Glad to hear your new classes are exciting.
Sorry to hear that you are finding yourself overwhelmed with your reading assignments.
I remember one classmate who added up all the pages assigned for all his classes for the semester. Then he figured out how many pages per hour he was actually able to read.
A little math revealed two things.
- The good news was that he actually could get all his assigned reading done during the semester.
- The bad news was that he would not be allowed to sleep for the next four months. Or go to class. Or to the bathroom, I suspect.
Why do your professors assign so much reading?
You are in a similar situation. You could draw one of two conclusions.
- Maybe each of your professors thinks that his or her class is the most important thing in your life, and that you should shift everything else to a lower priority.
- Or, maybe your professors do not really expect you to read everything on the syllabus — at least not in exactly the same way.
There is a bit of truth in option one. Any good teacher gets excited about the material, and wants you to see it in as much depth as possible.
In my Church History survey courses, sometimes people complain that I try to include too much. I should stick to the high points, they say, and leave out all the unimportant bits.
They seem to assume that there could surely only be one easy semester’s worth of important things — in over 2000 years of growth and change.
I love this stuff. Every time I leave out a world-changing person or a crucial idea in the development of Christian teaching I feel I’m short changing my students.
But the real answer is #2: You have to learn to read in new ways. I don’t mean that you need to take a speed reading course — though it wouldn’t hurt you. I mean you need to change your definition of “reading” and hone a new set of skills.
What do you think “reading” means?
Most people emerge from high school, or even graduate from a university, with a simple and narrow definition of the word “reading.”
We think it only counts as reading if we start at the beginning, bring our eyes across each and every word, silently mouthing each one in turn in our minds. We have to do this on each and every line of each and every page, until we get to the end.
- That’s what we learned back in first grade.
- The problem? Graduate school is not first grade.
That form of reading is too slow to ever bring you to the finish line. Plus, using that method on meaty works and you’ll never actually find what you need in them.

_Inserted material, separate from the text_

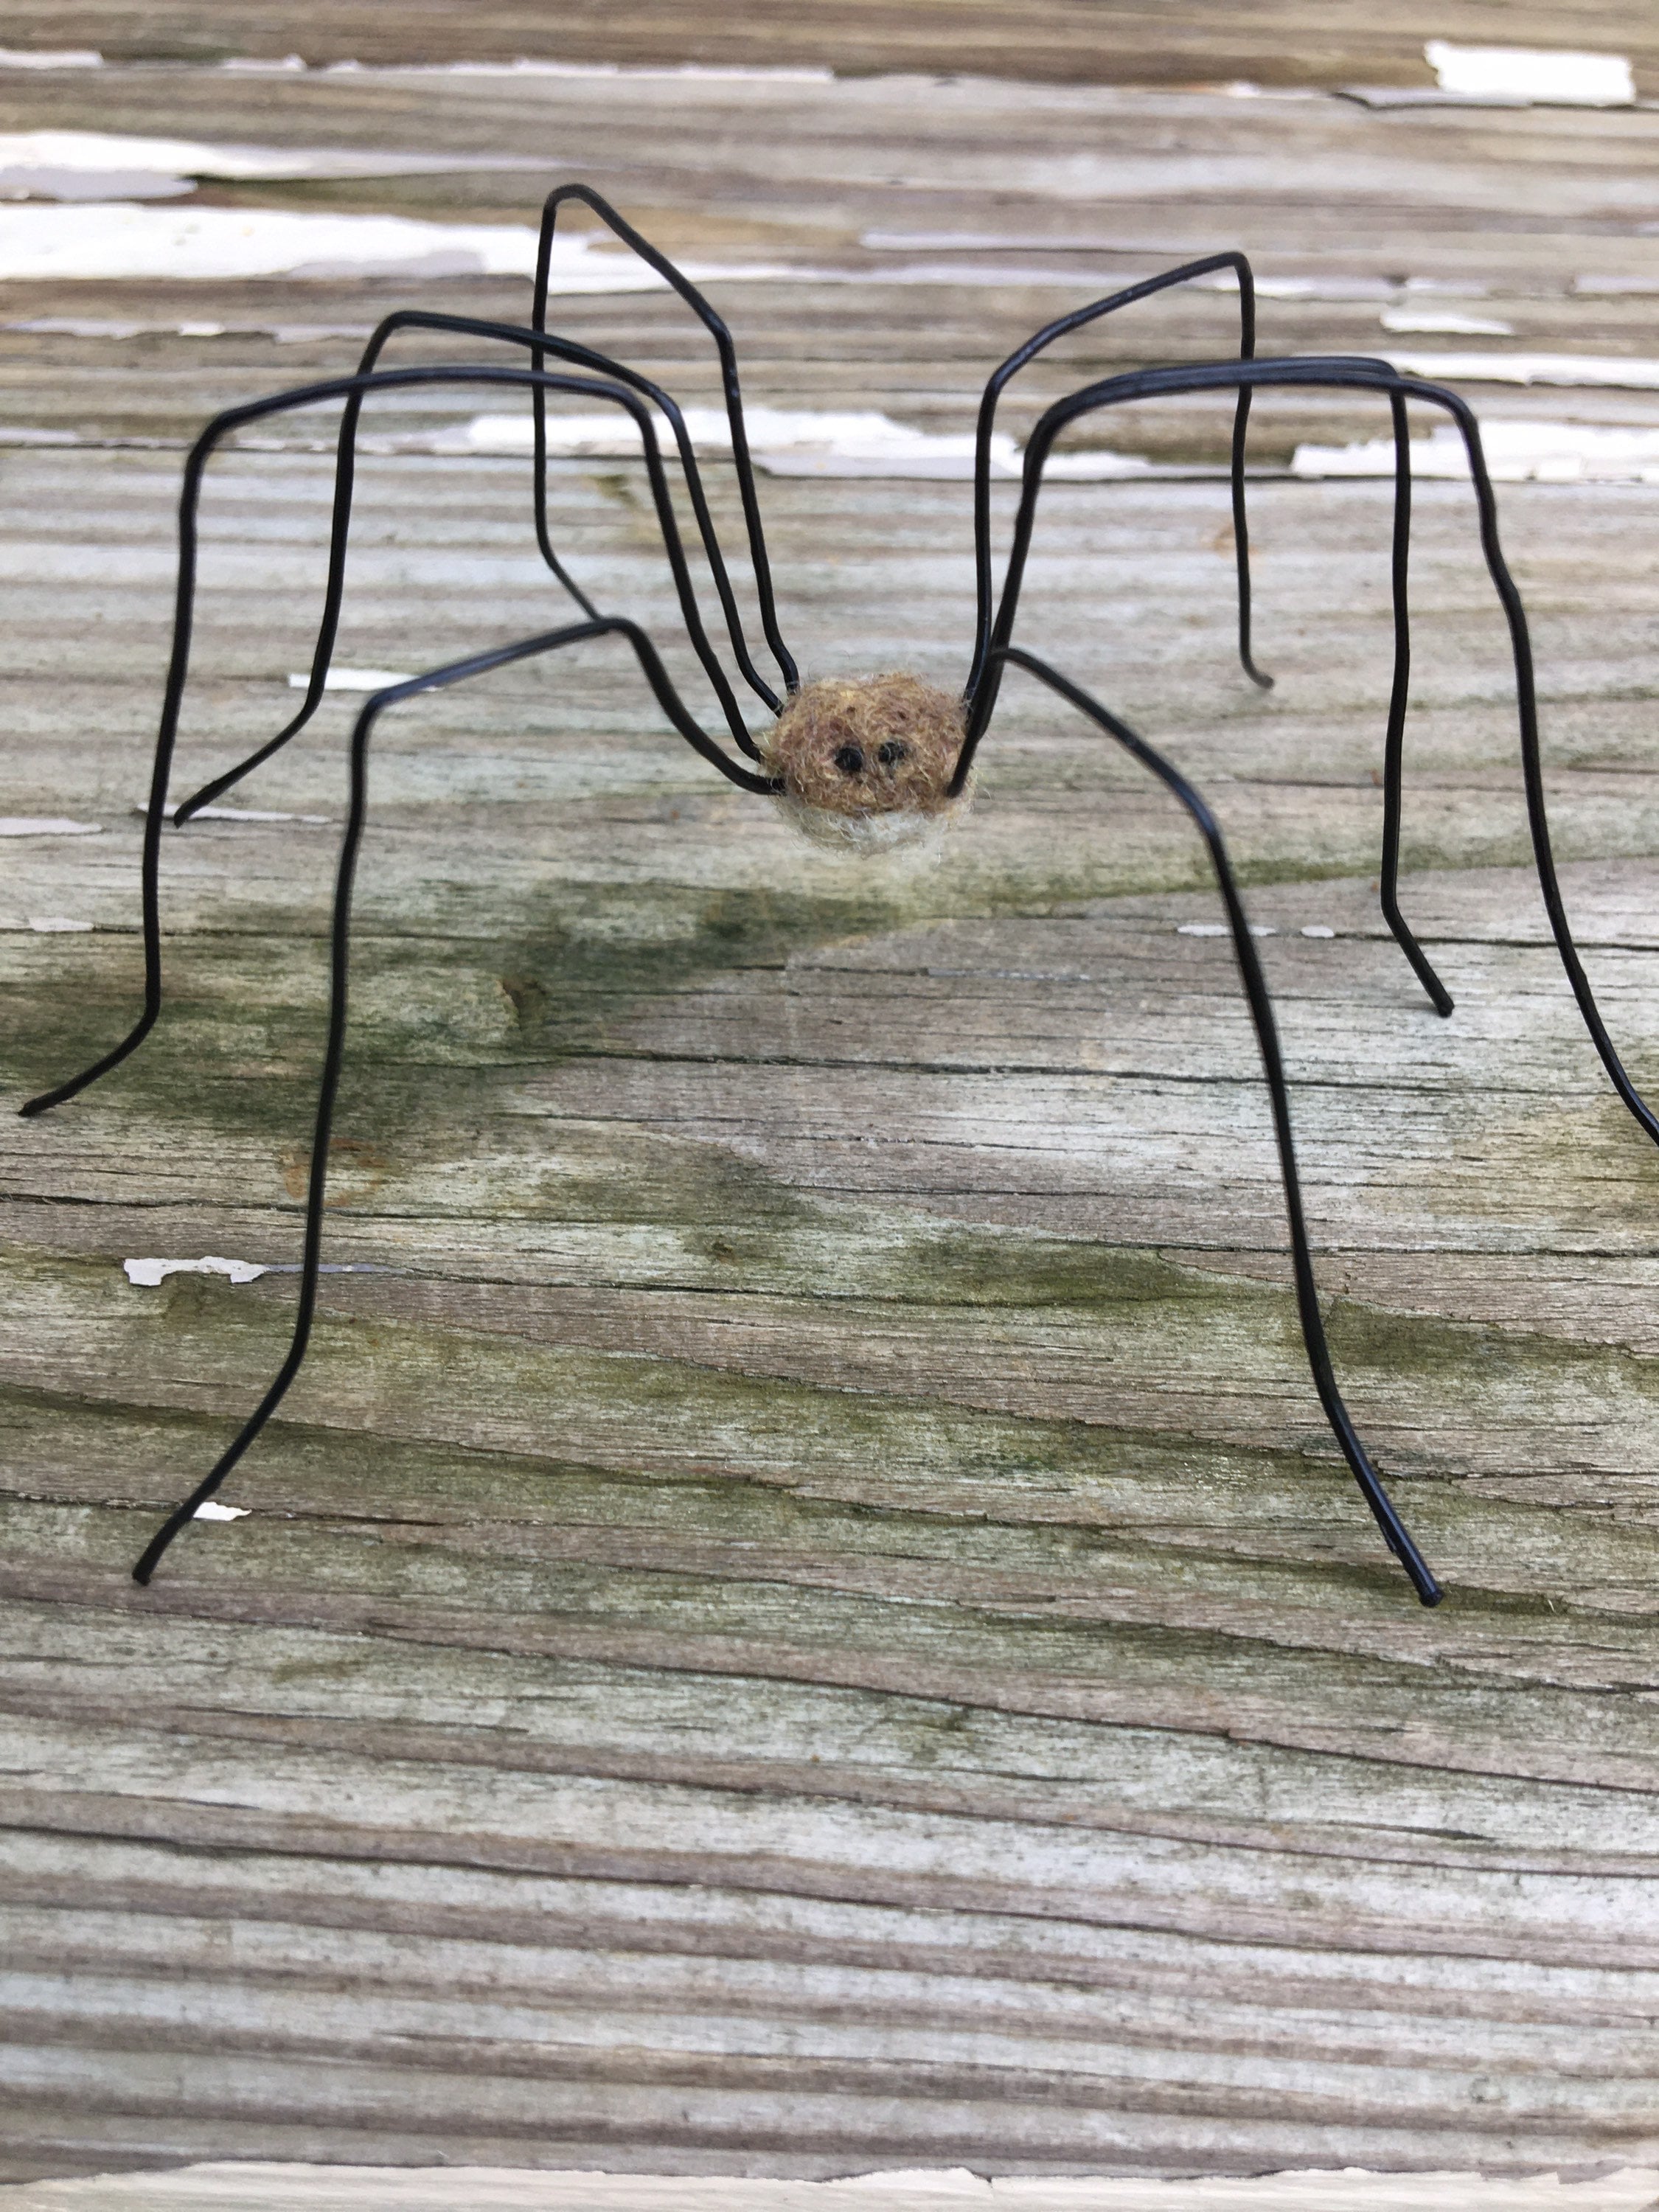 Daddy Long Legs Spiders - Backyard Buddies

I’d say you need to learn to practice three different forms of reading, at least two of which, to a lot of people, don’t even meet that traditional definition.
Think strategically about your reading assignments
Your goal with each book, chapter, or article should be to get from it what you need. When you have that you are done reading. It may take ten minutes or ten hours. It all depends on what you need.
The first thing to do is to figure out why the professor assigned that particular text. That will let you know how it fits into the class as a whole. That, in turn, can help you think strategically about how you will spend your time with that book to get what you need.
Any given reading assignment is likely to fall into one of four categories,
- It may be intended to give you the big picture of the semester’s subject.
- It may be intended to give snapshots of alternate points of view.
- It may drill deeply into a topic for an in-class discussion or paper assignment.
- It may be there for you to follow up with on your own if you happen to want to learn more.
Learning to read all over again — with a new definition
You need to approach each of these kinds of assignment differently. Do with them whatever it takes to get what you need from them. Call that “reading” and you are good to go.